## Arithmetic Coding

Ever since I heard about Arithmetic Coding in a presentation I have wanted to try implementing it. On the surface it seems like a simple enough of an idea but I couldn’t figure out where to start. I looked at a few different implementations and one was the most helpful in explaining how it was done. It is the one found on Michael Dipperstein’s site and he gives a very thorough explanation of how it is done. Another really good resource was this paper (Arithmetic Coding Revealed) that I found invaluable while trying to understand what was going on.

During my research into the topic, I found a few things confusing. One was that there was a +1 offset of the high bound, but this was explained by the fact that we wanted to keep an open interval between 0 and 1 i.e. [0, 1). The other puzzled me for a much longer time, and that was that we were using integer division in the algorithm. How can we claim that we are computing, what i would call, the “correct” number when we are discarding a big part of the intermediate result? And then I understood that we are not.

None of the implementations actually compute the “correct” decimal number which represents the compressed form of our message.
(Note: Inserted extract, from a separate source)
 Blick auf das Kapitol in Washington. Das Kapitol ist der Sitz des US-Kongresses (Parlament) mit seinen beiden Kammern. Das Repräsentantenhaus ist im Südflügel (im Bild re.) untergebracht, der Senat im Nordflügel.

They get close but they actually drift away from the correct number by a small margin and I believe that the reason this is done is simply for performance.
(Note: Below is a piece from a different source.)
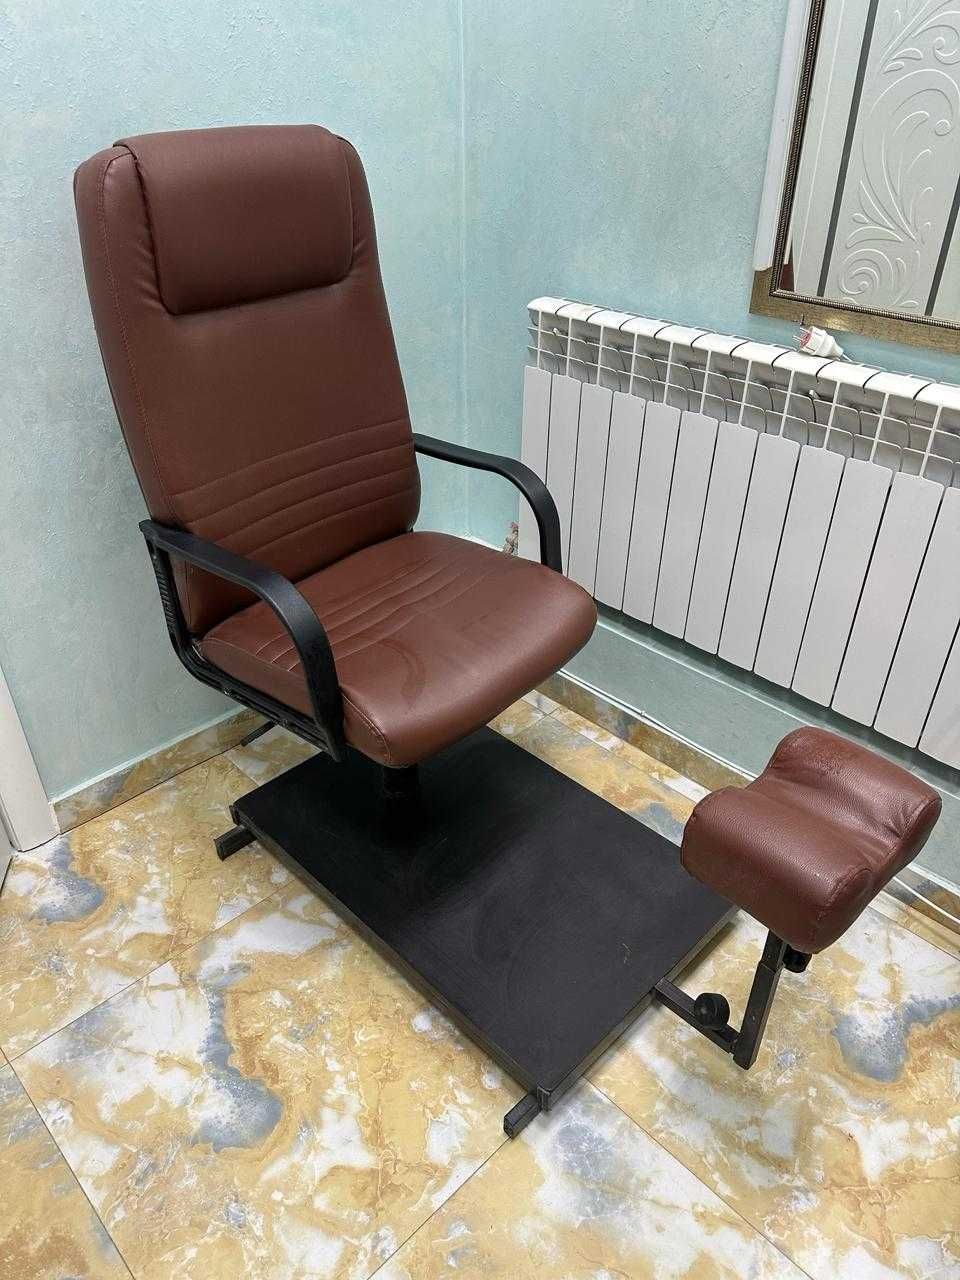 Продается Педикюрное кресло

The usual algorithm used is described on Michael’s page and I will copy it here:

```
lower bound = 0
upper bound = ∑ci
while there are still symbols to encode
current range = upper bound - lower bound
upper bound = lower bound + ((current range × upper bound of new symbol) ÷ ∑ci) - 1
lower bound = lower bound + (current range × lower bound of new symbol) ÷ ∑ci
end while
```

but you see, here he is trying to keep his implementation as accurate as possible. This becomes even more evident if you read the Arithmetic Coding Revealed that I have linked to in the first paragraph. The way they do it is by computing a *step* instead of the *range* like Michael does.

```
mStep = (mHigh - mLow + 1) / total;
mHigh = mLow + (mStep * high_count) - 1;
mLow = mLow + (mStep * low_count);
```

Here the division by total truncates our range first (losing precision) and then further magnifies the error by multiplying it by *high_count*. They justify this by saying that this way you can keep more bits in your register and hence get better accuracy but I would have to disagree. The larger the total the larger the error. Similarly, if you have a relatively uneven distribution of symbols where one symbol has a much higher probability than the others, every time you encode that symbol you are losing more accuracy than when you are encoding the symbols with lower probabilities. This means that the better your statistical representation of your dataset the worse your encoding will be… At least Michael’s implementation had a uniform error across all the symbols that was lower than the error of this second implementation. The reason the algorithm works is that the decoding process carries through the same error in its implementation.

Though I understand their motivation, I didn’t like the implementation and I had to go back a step and try and implement the slower but more accurate encoding method. I started thinking about how I would carry through all the *remainders* and came up with the following approach:

```
mRange = mHigh - mLow + 1;
mHigh = mLow + (mRange * high_count + mRemHigh) / total - 1;
mLow = mLow + (mRange * low_count + mRemLow) / total;
mRemHigh = (mRange * high_count) % total;
mRemLow = (mRange * low_count) % total;
```

Basically, I’m trying to carry through all of the remainders of the integer division in the algorithm, but the downside is that it is going to be a lot slower than the existing “less precise” algorithms.

My implementation is limited in one aspect that could prove to be the key reason not to use it in any more complex compression algorithm. With this “more accurate” approach I have limited my self to not being able to change the “total” variable. This is probably not that big if you are using a static probabilities but if you are using adaptive probabilities then this means that you must always keep the total the same. Although this could be easy it may incur additional computation unnecessarily.

My still evolving implementation can be found here

*post scriptum* One possible optimization would be to introduce reciprocal multiplication concepts into the code thereby removing the one and only division. Given that we already must keep *total* constant in my new algorithm this would be a good optimization… However, this still wouldn’t speed it up sufficiently to compete with the popular implementation. Also it is likely that the compiler already does this and that trying to optimize it prematurely could cause us more grief than good.